So it turns out that the epilogue CFA info was causing segfaults on CI but not locally, and I wasn't able to find the root cause after much head-scratching. Since epilogue info is not necessary for our unwind needs (it only becomes necessary if one has a trap somewhere in the middle of the mov rsp, rbp / pop rbp / ret sequence, or if one wants to instruction-step through that sequence and have gdb print a nice backtrace while in the middle), and since the current state of both the new x64 backend and the aarch64 backend is that no epilogue CFA info is provided, I've gone ahead and re-simplified to provide only prologue info.

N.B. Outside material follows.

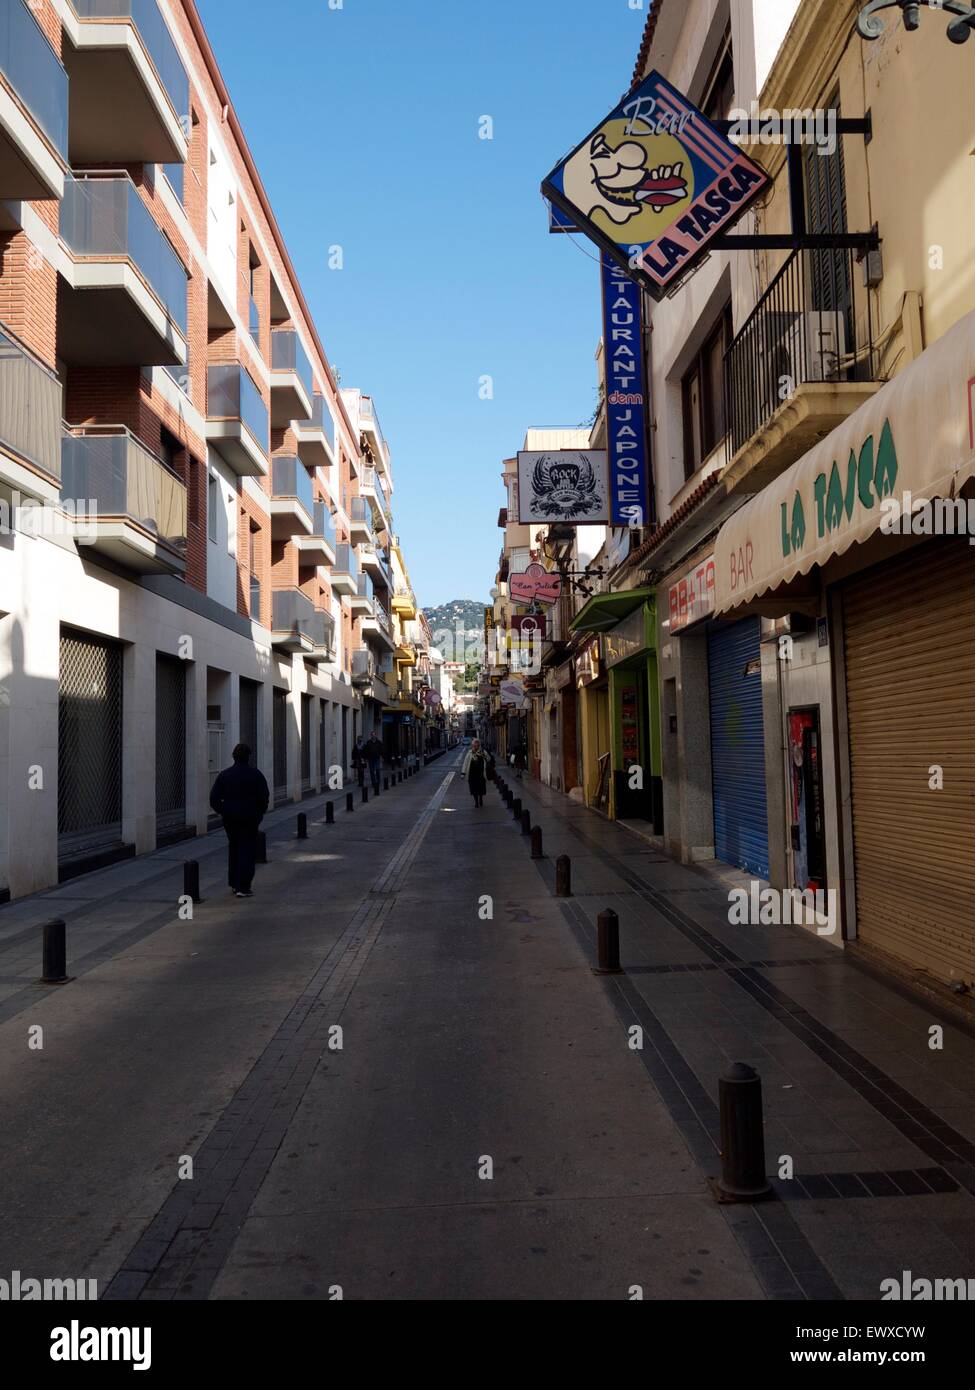 Typical street in Spain with shops and signs Stock Photo

view this post on Zulip Wasmtime GitHub notifications bot (Mar 11 2021 at 02:53):

cfallin edited a comment on Issue #2710:

So it turns out that the epilogue CFA info was causing segfaults on CI but not locally when switching to the new backend in #2718, and I wasn't able to find the root cause after much head-scratching. Since epilogue info is not necessary for our unwind needs (it only becomes necessary if one has a trap somewhere in the middle of the mov rsp, rbp / pop rbp / ret sequence, or if one wants to instruction-step through that sequence and have gdb print a nice backtrace while in the middle), and since the current state of both the new x64 backend and the aarch64 backend is that no epilogue CFA info is provided, I've gone ahead and re-simplified to provide only prologue info.

view this post on Zulip Wasmtime GitHub notifications bot (Mar 11 2021 at 17:23):

cfallin commented on Issue #2710:

@alexcrichton would you be willing to review this given that you took a look above already?

view this post on Zulip Wasmtime GitHub notifications bot (Mar 12 2021 at 00:07):

cfallin commented on Issue #2710:

Updated based on comments; thanks!

view this post on Zulip Wasmtime GitHub notifications bot (Mar 12 2021 at 04:09):

cfallin commented on Issue #2710:

@sunfishcode it looks like there might be an intermittent test with wasi_cap_std_sync on Windows, namely poll_oneoff_stdio -- see logs. Watching the latest run to see if it fares better this time...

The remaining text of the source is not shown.